Organizations are joining forces to find long-term solutions to the crisis. A 2017 report by the Pew Charitable Trusts and the International Society for Pharmaceutical Engineering based on interviews with 10 drug manufacturers points to manufacturing quality issues as a driving force behind many shortages. These issues often lead to lower-than-expected yields. The report recommends, among other things, that manufacturers develop systems to proactively identify and resolve quality issues across their supply chains.
At the same time, the ASA, ASHP, the American Hospital Association, American Medical Association and other healthcare groups have called on Congress to take immediate action to address the crisis and to support the development of a strategy to examine and remedy the underlying causes of drug shortages.
Strategies That Work
Providers have used some innovative approaches to help prevent or reduce the impact of drug shortages on their institutions.
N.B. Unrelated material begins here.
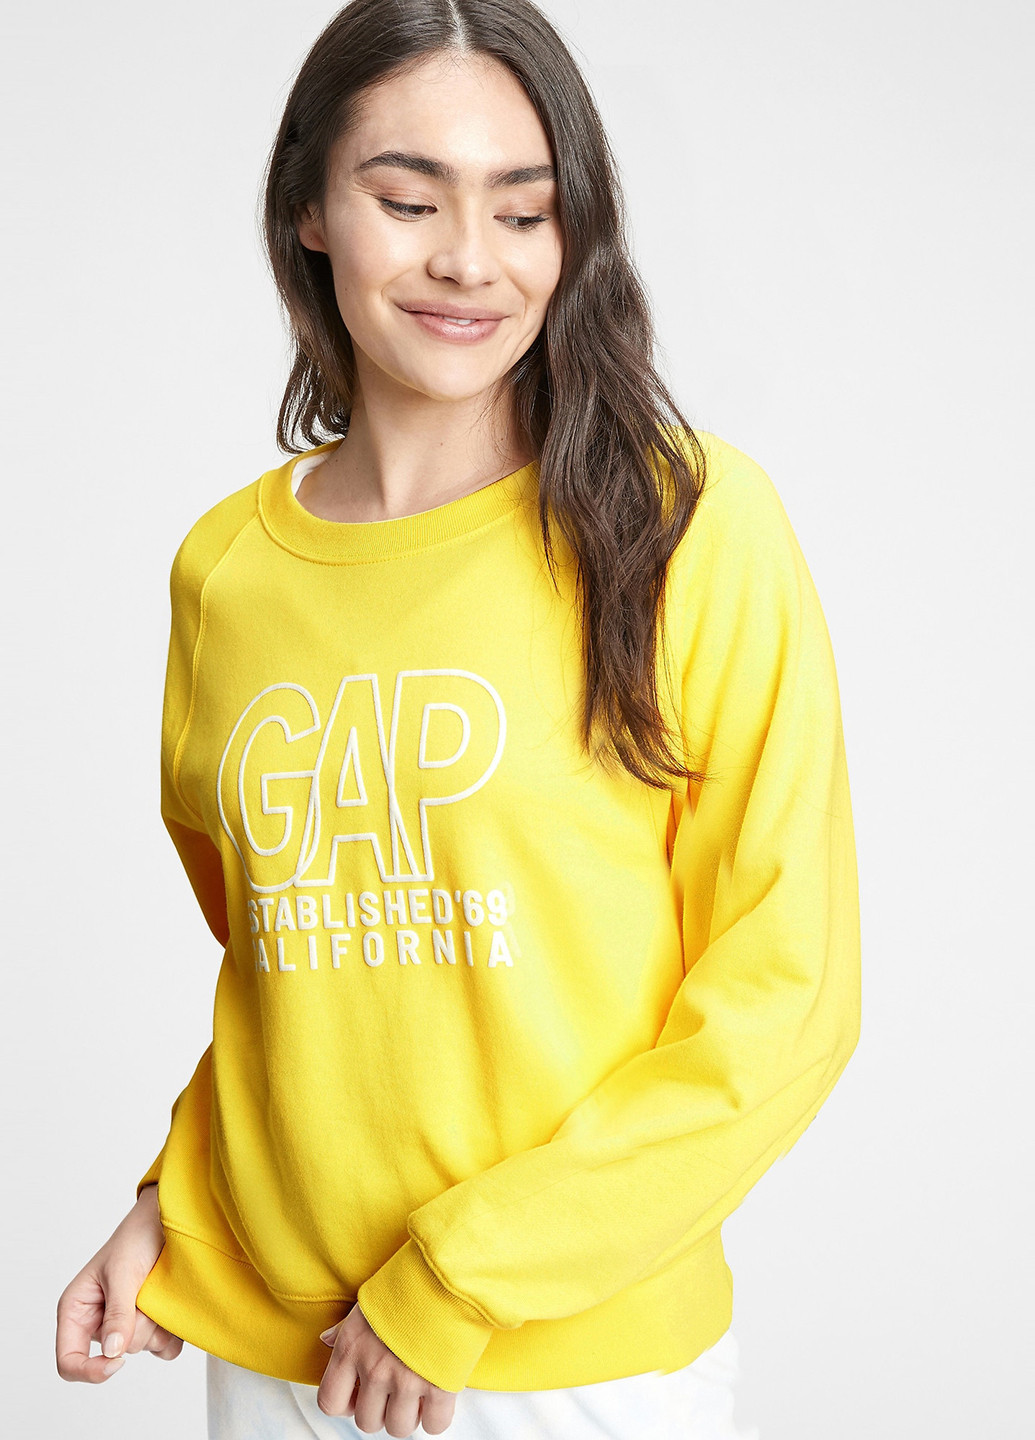 Світшот Gap - Прямий крій логотип жовтий кежуал бавовна - (240120391)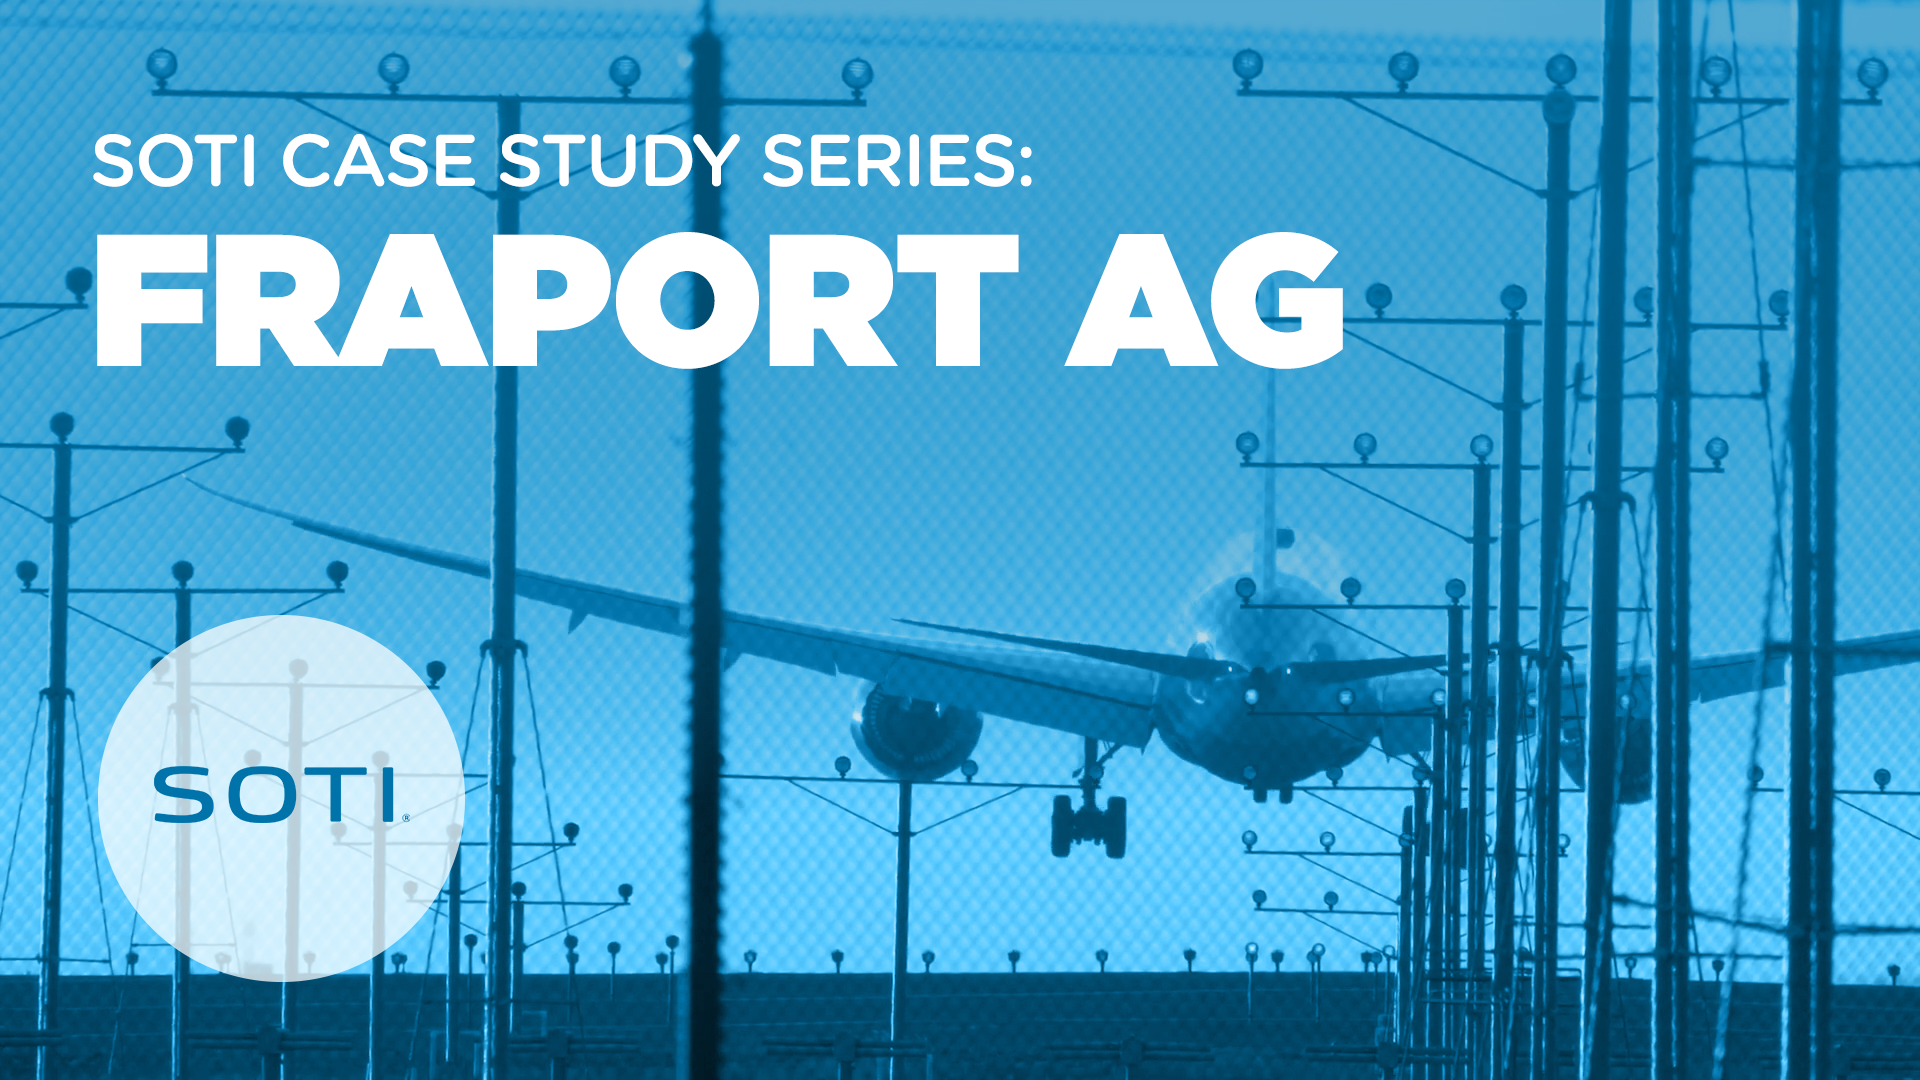 Fraport AG case study video

Duke University Hospital (Durham, NC) formed a multidisciplinary perioperative drug shortage response team to address shortages of neuromuscular blocking agents such as succinylcholine in their operating rooms.
When a shortage is deemed critical, the coordinator of the Center for Medication Policy convenes a task force to discuss whether the shortage can be managed best by pharmacy alone or by a multidisciplinary group that includes anesthesiologists, nurse anesthetists, surgeons and OR nurses.
The team also uses data from its anesthesia information management system (AIMS) to identify trends and patterns in medication usage in the perioperative setting and develop strategies to repackage bulk medications into smaller unit doses whenever possible. The approach allows the hospital to conserve inventory, reduce waste and extend the availability of difficult to obtain medications.
Anesthesia providers might also take a cue from pharmacist Trac Pham, RPh, of Advocate Health Care, who outlined strategies that have worked at his health system:
- Use inventory control specialists whose responsibilities revolve around identifying red flags such as back orders and partial fulfillments. Empower frontline employees to identify these potential shortages.
- Assess current inventory when a potential shortage has been identified—a step many hospitals fail to take. How much is sitting on the shelf today? What is the hospital’s utilization rate? How long is the current supply going to last?
- Collaborate with supply chain and pharmacy to evaluate potential shortages, identify alternative therapies, prioritize patients who should receive the affected drug and modify clinical plans.
- Develop a process that allows executives, clinicians and employees to communicate in a timely manner with each other to navigate drug shortages.
- To ensure uninterrupted care, update the health information management system promptly to reflect alternative drugs when there is a shortage.
- Harness predictive analytics to identify market variables historically associated with drug shortages.